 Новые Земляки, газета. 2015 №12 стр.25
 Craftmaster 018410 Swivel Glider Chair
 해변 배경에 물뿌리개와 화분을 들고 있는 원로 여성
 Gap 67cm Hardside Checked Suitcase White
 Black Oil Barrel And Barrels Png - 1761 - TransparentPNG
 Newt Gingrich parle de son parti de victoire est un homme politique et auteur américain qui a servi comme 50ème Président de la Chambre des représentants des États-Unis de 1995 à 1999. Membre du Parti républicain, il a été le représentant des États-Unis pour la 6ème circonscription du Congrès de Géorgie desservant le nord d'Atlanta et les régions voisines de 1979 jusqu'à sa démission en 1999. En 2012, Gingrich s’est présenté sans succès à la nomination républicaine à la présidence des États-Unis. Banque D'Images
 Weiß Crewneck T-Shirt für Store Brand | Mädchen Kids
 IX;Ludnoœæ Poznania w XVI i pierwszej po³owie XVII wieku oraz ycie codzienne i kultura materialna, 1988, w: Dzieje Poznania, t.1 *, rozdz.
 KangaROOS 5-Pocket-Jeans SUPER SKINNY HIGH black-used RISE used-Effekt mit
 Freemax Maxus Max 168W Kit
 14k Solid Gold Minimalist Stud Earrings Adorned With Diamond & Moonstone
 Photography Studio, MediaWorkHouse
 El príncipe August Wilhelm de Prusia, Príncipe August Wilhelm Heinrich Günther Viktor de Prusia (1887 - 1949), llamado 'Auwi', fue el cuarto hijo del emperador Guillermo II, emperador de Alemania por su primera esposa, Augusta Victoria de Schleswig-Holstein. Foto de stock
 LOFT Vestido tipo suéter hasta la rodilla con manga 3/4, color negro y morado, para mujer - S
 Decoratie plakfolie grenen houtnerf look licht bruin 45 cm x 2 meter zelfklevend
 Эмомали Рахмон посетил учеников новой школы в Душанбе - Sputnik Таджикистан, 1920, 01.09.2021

= = = =

Give back the line containing "El príncipe August" and all the lines after it through the end of the records, unchanged.

 El príncipe August Wilhelm de Prusia, Príncipe August Wilhelm Heinrich Günther Viktor de Prusia (1887 - 1949), llamado 'Auwi', fue el cuarto hijo del emperador Guillermo II, emperador de Alemania por su primera esposa, Augusta Victoria de Schleswig-Holstein. Foto de stock
 LOFT Vestido tipo suéter hasta la rodilla con manga 3/4, color negro y morado, para mujer - S
 Decoratie plakfolie grenen houtnerf look licht bruin 45 cm x 2 meter zelfklevend
 Эмомали Рахмон посетил учеников новой школы в Душанбе - Sputnik Таджикистан, 1920, 01.09.2021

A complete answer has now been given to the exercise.